Was just testing glum, but ran into a problem where a glum LASSO fit does not appear to finish (or if it does extremely slowly). The data I simulated was a spike train blurred with a Gaussian point spread function and with some Gaussian noise added with n=p=10000 and the sparse covariate matrix X then consisting of 10000 time-shifted copies of a Gaussian point spread function (i.e. it's a banded matrix) and 1000 out of 10000 coefficients being nonzero (all positive, ie using nonnegativity constraints) :
https://github.com/tomwenseleers/glmnet-benchmark/tree/master/data

However, if I try to fit a LASSO fit using glum it never appears to finish (or if it does, it would do so extremely slowly).

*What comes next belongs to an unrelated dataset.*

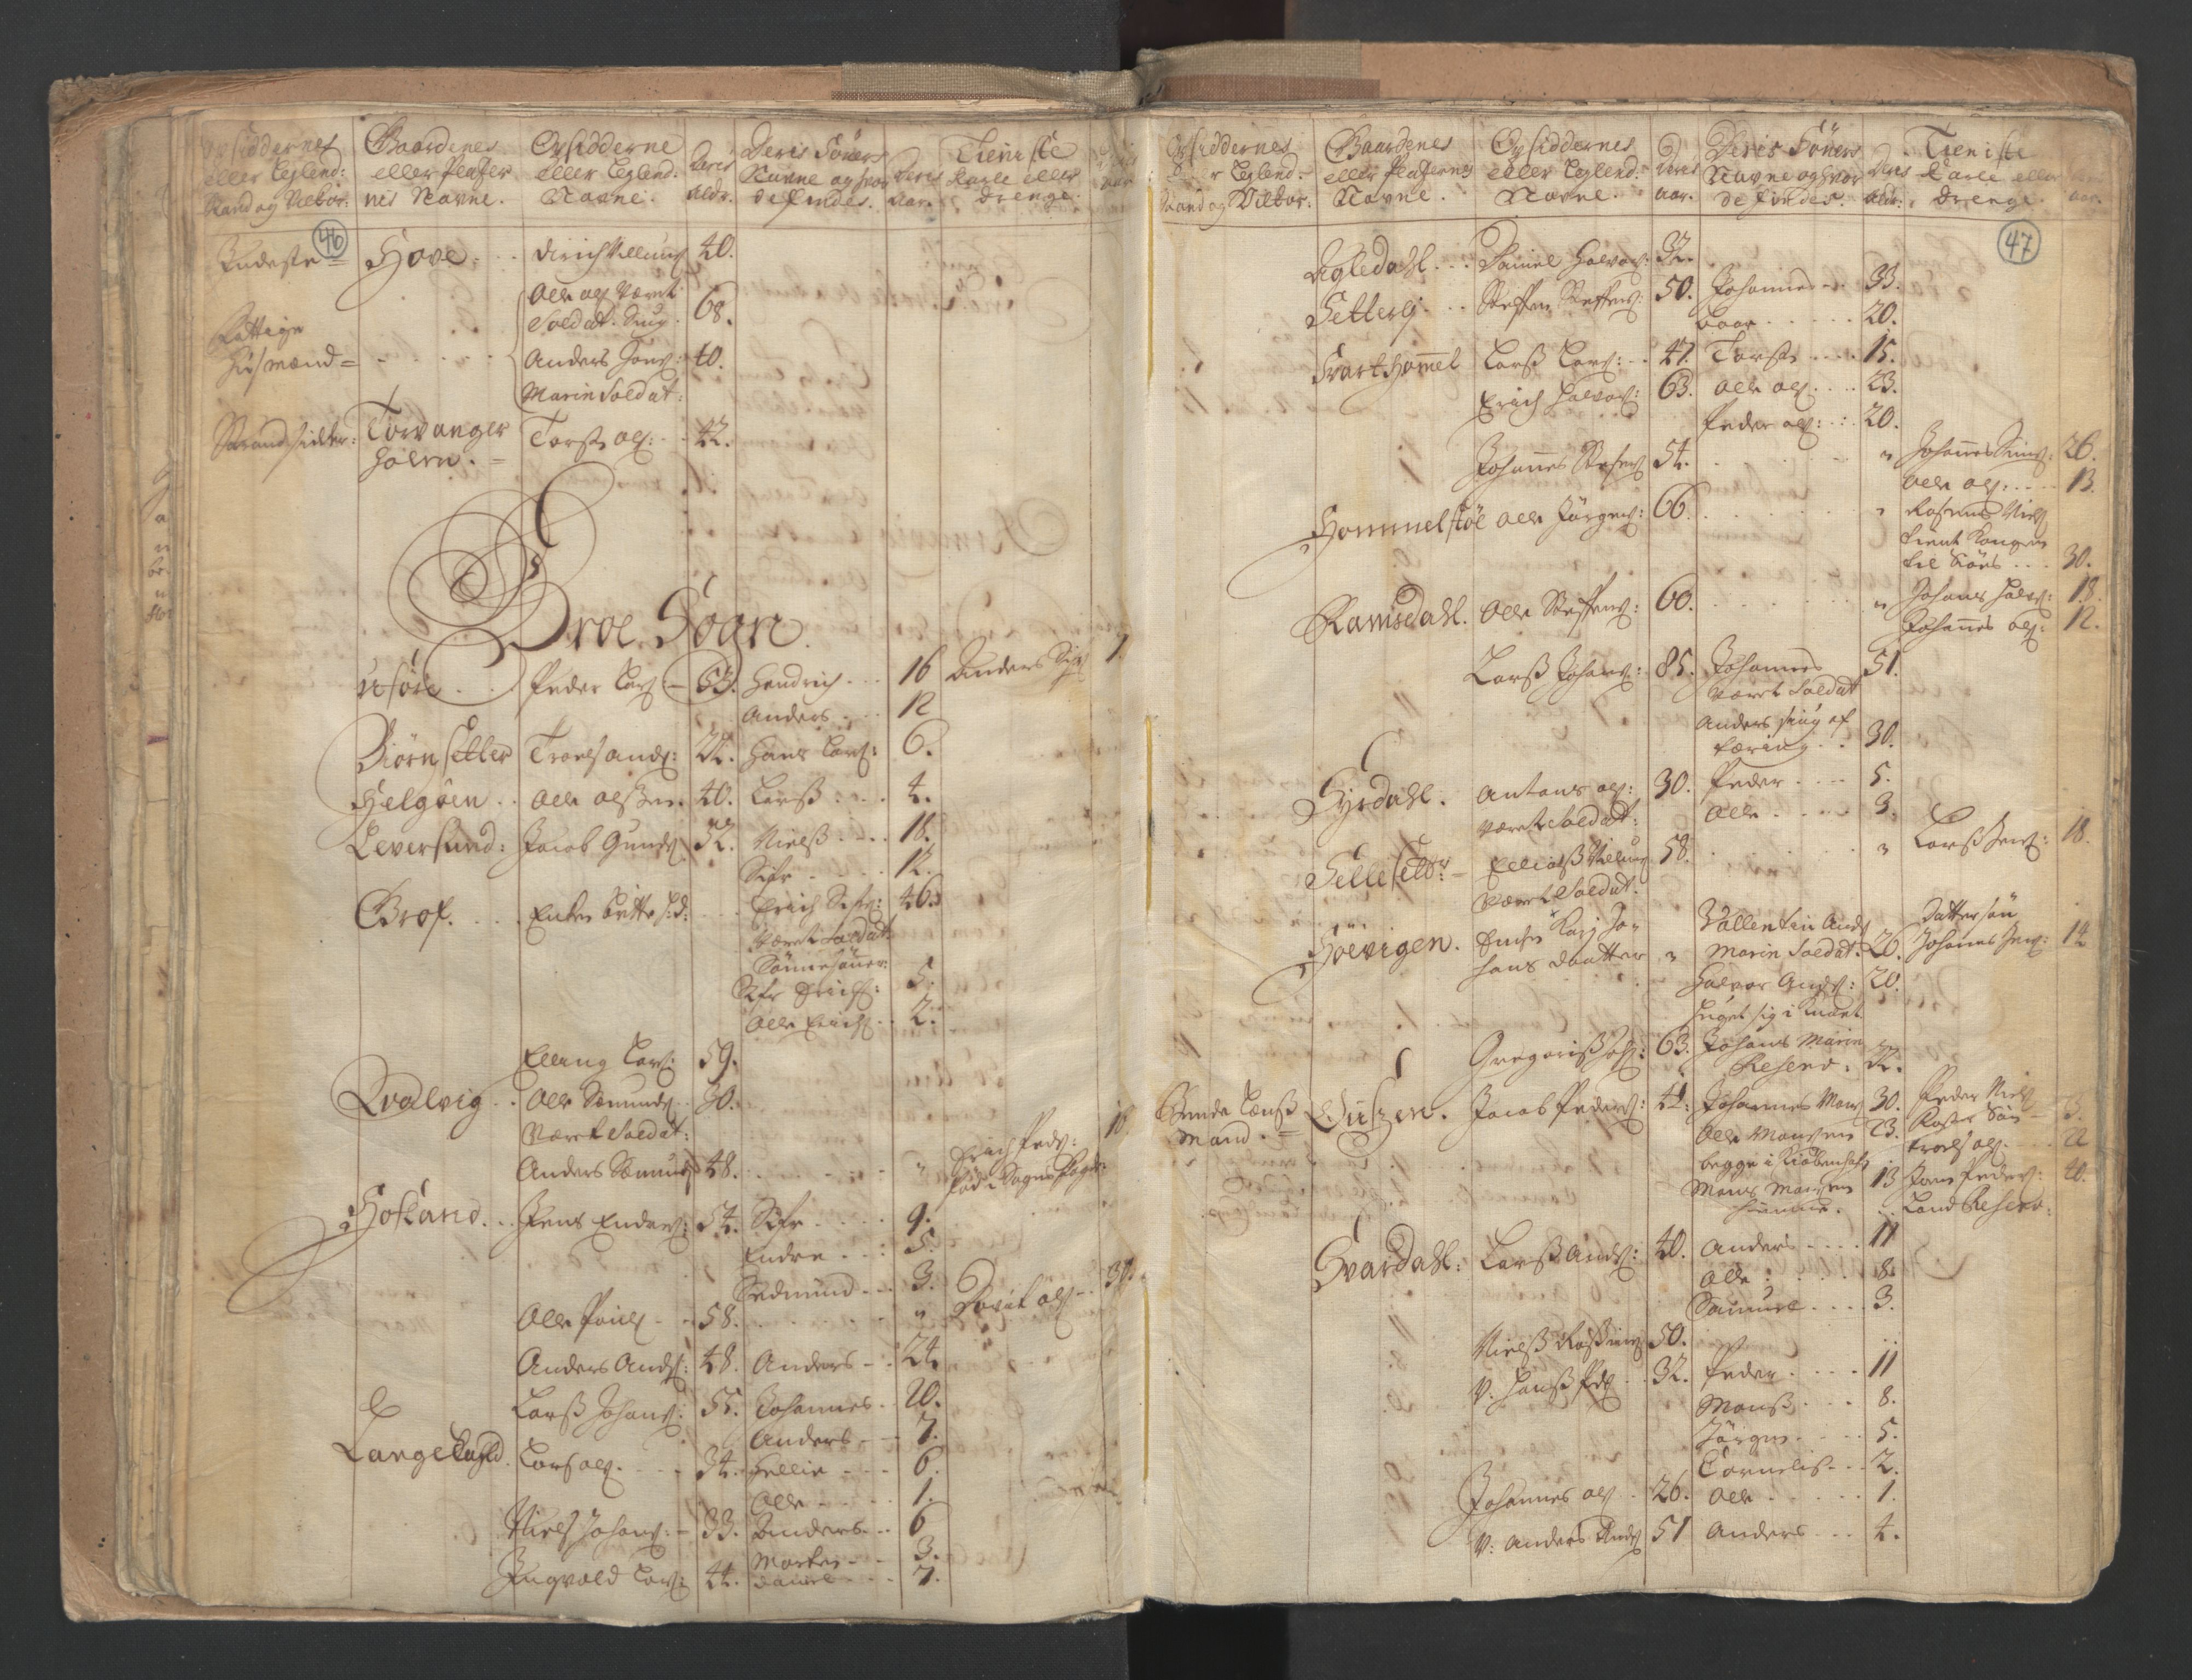 RA, Census (manntall) 1701, no. 9: Sunnfjord fogderi, Nordfjord fogderi and Svanø birk, 1701, p. 46-47
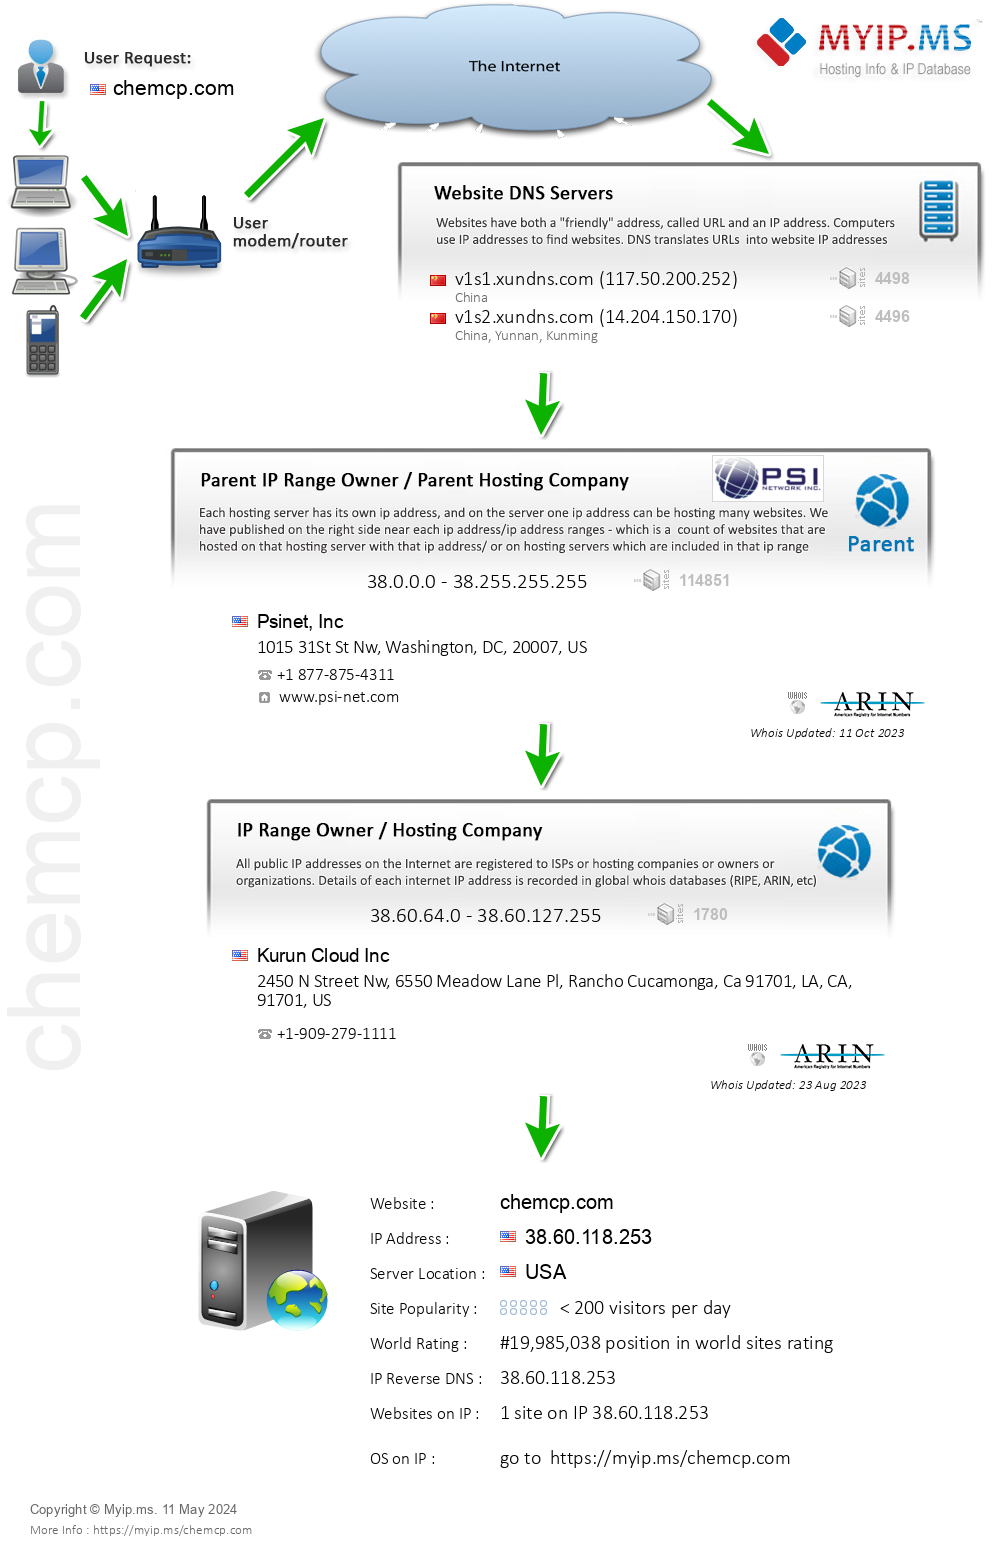 Chemcp.com - Website Hosting Visual IP Diagram

The syntax I used is this one - am I doing something wrong here ?
https://github.com/tomwenseleers/glmnet-benchmark/blob/master/bench_glum.py

import numpy as np
from scipy.sparse import csc_matrix
from scipy.io import mmread
import os
import time
from glum import GeneralizedLinearRegressorCV
from glum import GeneralizedLinearRegressor

def get_data(n, p, data_prefix):
    # Create file paths
    X_file = os.path.join(data_prefix, f"{n}_{p}_X.mtx")
    y_file = os.path.join(data_prefix, f"{n}_{p}_y.csv")
    beta_true_file = os.path.join(data_prefix, f"{n}_{p}_beta_true.csv")
    
    # Read the data
    X = csc_matrix(mmread(X_file))  # Read .mtx file and convert to CSC format
    y = np.genfromtxt(y_file, delimiter=',', skip_header=1)
    beta_true = np.genfromtxt(beta_true_file, delimiter=',', skip_header=1)
    
    return X, y, beta_true

def timer_glr(X, y, glr):
    start = time.time()
    glr_fit = glr.fit(X, y)
    end = time.time()
    return glr_fit, end-start

# load simulated data (spike train convoluted with gaussian point spread function
# with 1000 / 10000 coefficients being nonzero (all positive) and Gaussian noise
# added
n = 10000
p = 10000
X_sparse, y, beta_true = get_data(n, p, 'data')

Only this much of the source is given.